Const-me · on June 29, 2023

Adding `map.reserve( vec.size() );` indeed helped, but still slower than sorting these entries. Specifically, the time for the hash map is 740 μs this way.

I think the main reason for the observed behavior is memory management. The sorted vector takes under 80kb of RAM, allocated with a single malloc() call, and the entire vector fits in L2 cache which is very fast to access. OTOH, without advanced shenanigans like custom allocators, the hash map needs 1 malloc() call per entry.

On a general note, I noticed that when the data being handled fits in the faster in-core caches, dense buffers pretty often perform best, despite these theoretical big O-s. Even if this means spending some extra time to sort the data.

charlieyu1 · on June 29, 2023

Just learning c++, curious how reserve works. I thought map would allocate memory exponentially automatically, so an early reserve at best saves you a few reallocation

Const-me · on June 29, 2023

That reserve() method only reserves memory for the hash table inside the container. It does help with performance to an extent, but the memory for the items stored in that map is still allocated one by one, as new entries are inserted into the map.

I think the main reason why reserve() helped substantially weren’t saved malloc() calls, it were saved re-hashes. Each time the hash table grows, it needs to re-insert all items currently stored on the map into the new, larger table of these buckets.

tialaramex · on June 29, 2023

Sort of. For std::unordered_map there are two types of memory allocation, there's a table, of pointers, and then there are nodes, which themselves have a pointer to a next node if any, forming a "chain".

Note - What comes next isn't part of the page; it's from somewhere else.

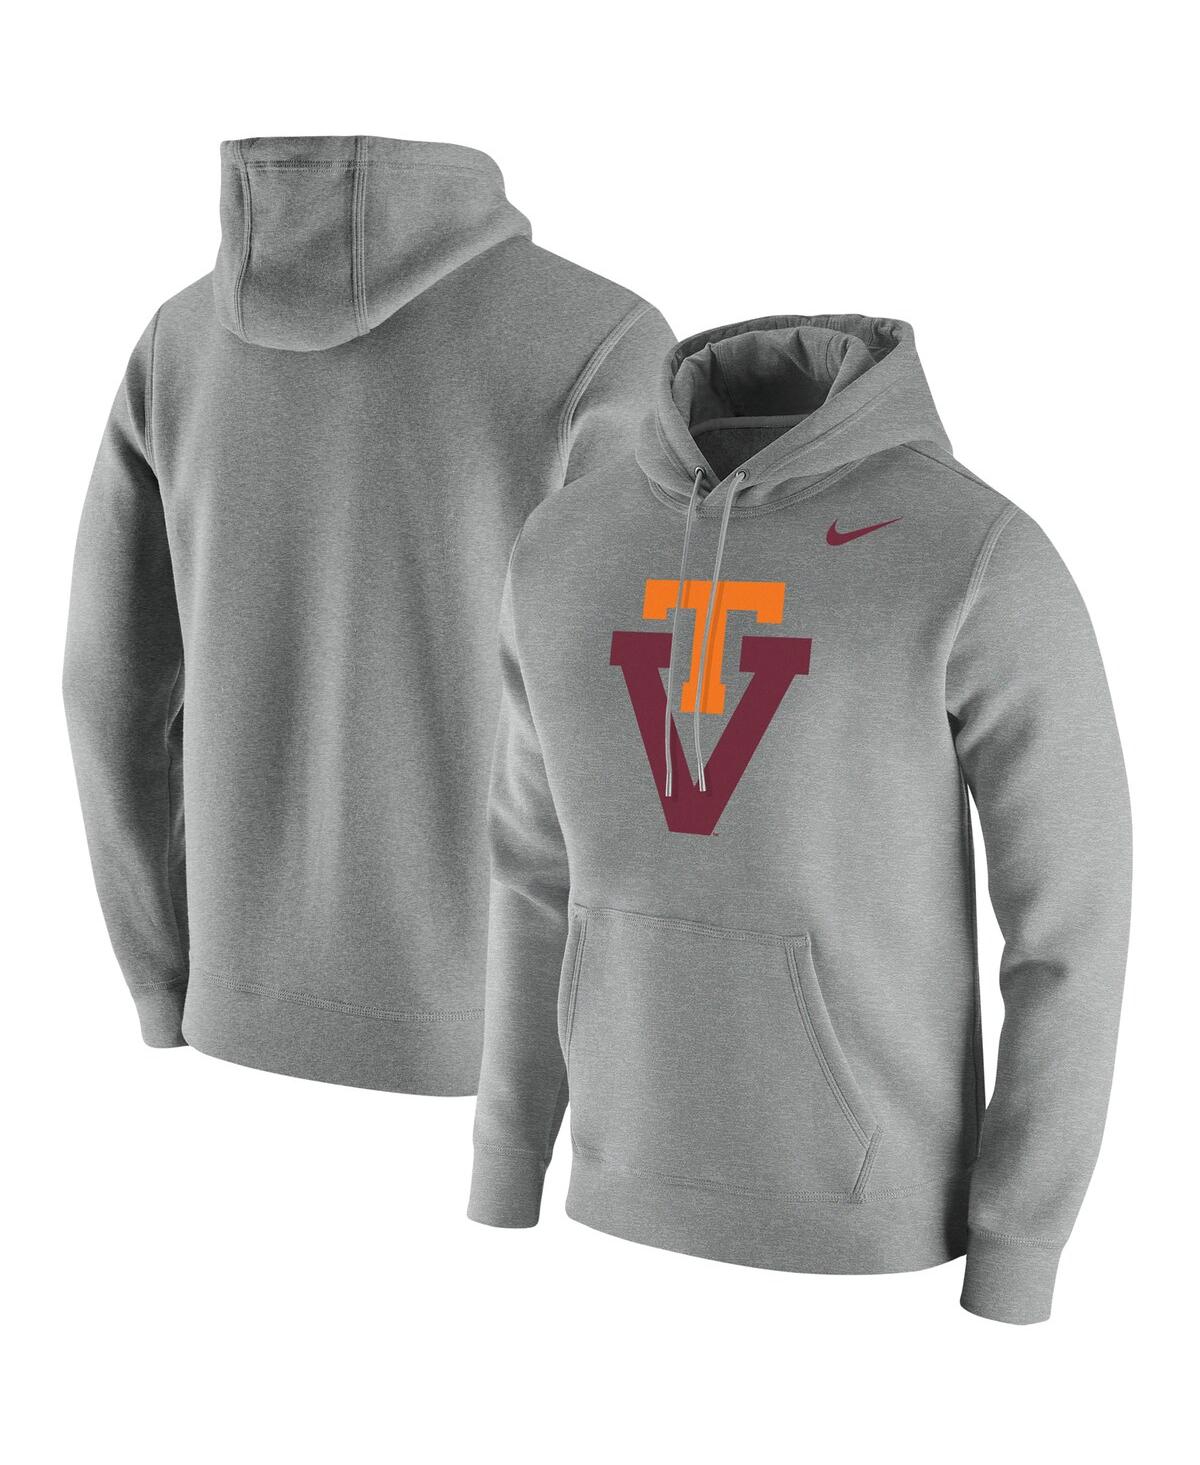 Shop Nike Men's  Heathered Gray Virginia Tech Hokies Vintage-like School Logo Pullover Hoodie

The table is indeed grown exponentially as you describe. If you tell std::unordered_map that you expect 10000 entries using reserve, it will calculate how big it would expect to grow a table for 10000 entries and make it that size immediately.

The nodes however are created when you insert data. Even though you called reserve, it is an allocation each time you insert to make space for the new node.

If you used a Swiss table (e.g. from Abseil) the reserve behaves more as a person might expect, it will allocate a data structure big enough to insert at least 10 000 entries successfully, and no further allocations are needed unless you keep going.

gumby · on June 30, 2023

Don't forget those reallocations require copying as well. Also reallocation can increase memory fragmentation, not that it matters for this toy problem.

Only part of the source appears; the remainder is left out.